What this says for democracy in regards to ‘average citizens’ is that it can only improve their knowledge, and thus their engagement in voting. People now can find many sources that are willing to catear to their learning style. With options such as online videos, news paper articles, and blogs people can now look up and find information on whatever issues their looking for. I believe that more knowledge only has positive implications for democracy.

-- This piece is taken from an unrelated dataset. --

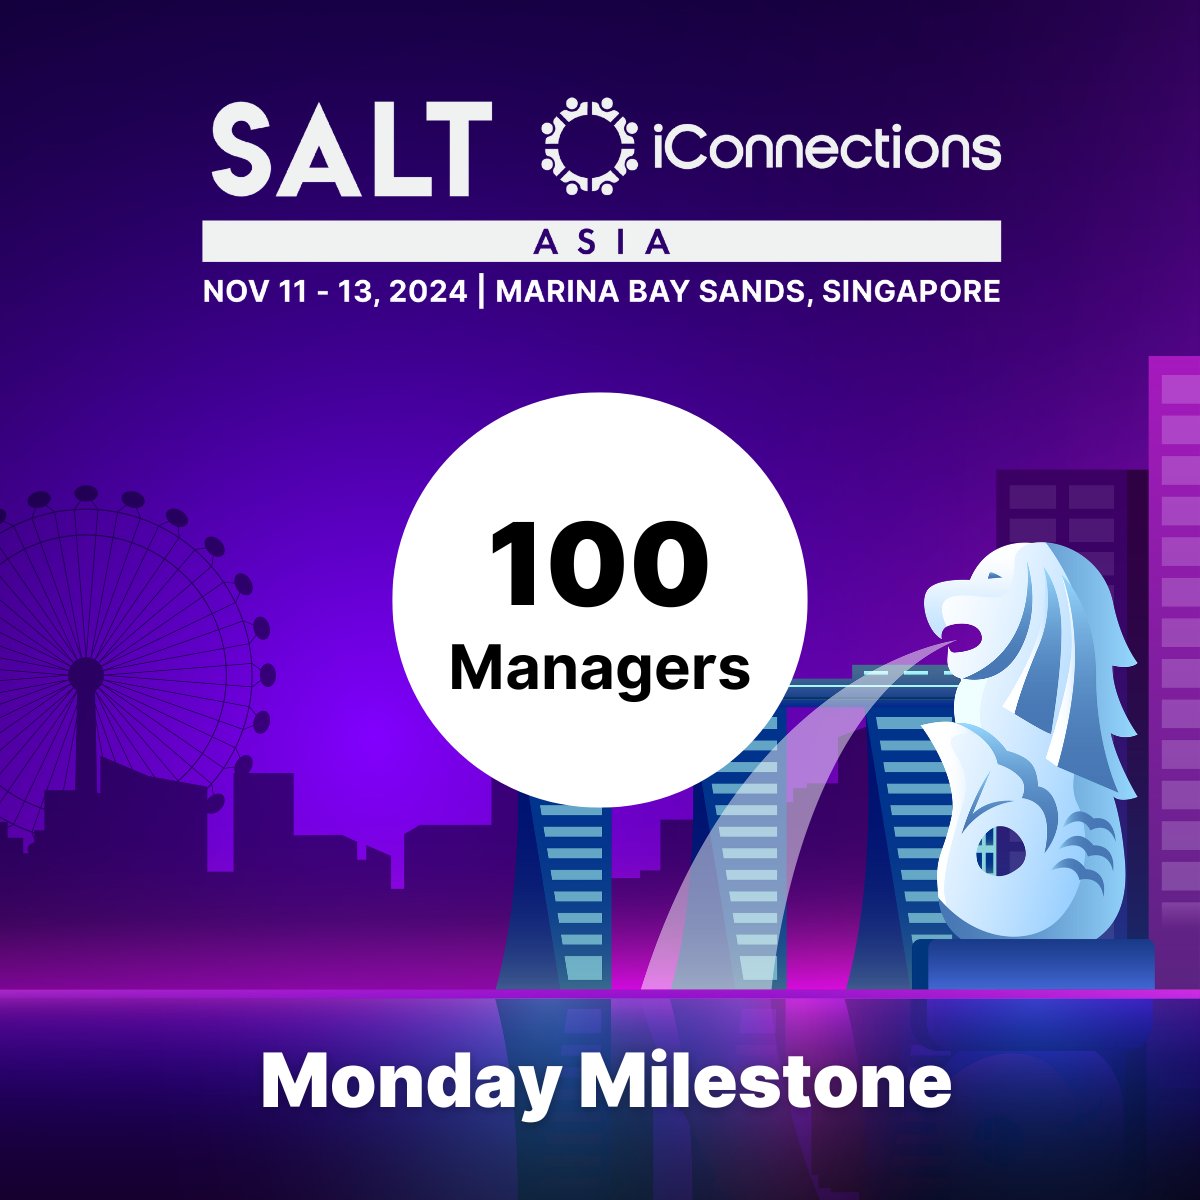 🎉 Monday Milestone | SALT iConnections Asia 2024: 100 Managers Confirmed! We are excited to announce that over 100 managers from across the industry have already registered for SALT iConnections Asia 2024. 🌎 🇸🇬 Learn More - iconnections.io/salt-iconnecti… #SALTiConnectionsNY2024

On the other hand, online politics for those who are ‘a little less than extraordinary’ such as politicians, and political commentators are are not the same as politics in ‘real life’. Politicians may use twitter twenty times a day, but that does not mean that they are not required to go to the floor and vote on an issue. Also for political commentators, people may read their blog religiously, but they have no way of getting mass appeal from the internet alone. The only way in todays politics to get a large amount of attention and notary is by having a spot on a tv show, or a well respected column in a newspaper. The online politics in has less of an impact on people more directly involved in politics and law making. If the government was to go to completely ‘online’ mediums, than your right to democracy would be dependent on computer access (which would discriminate all those who, for a variety of reasons do not have access to such amenities).

Overall being involved in politics online is great for those who are not directly involved, and for those who have a direct relation to politics and the democratic system, online politics can only offer them another form of media and outreach to the public.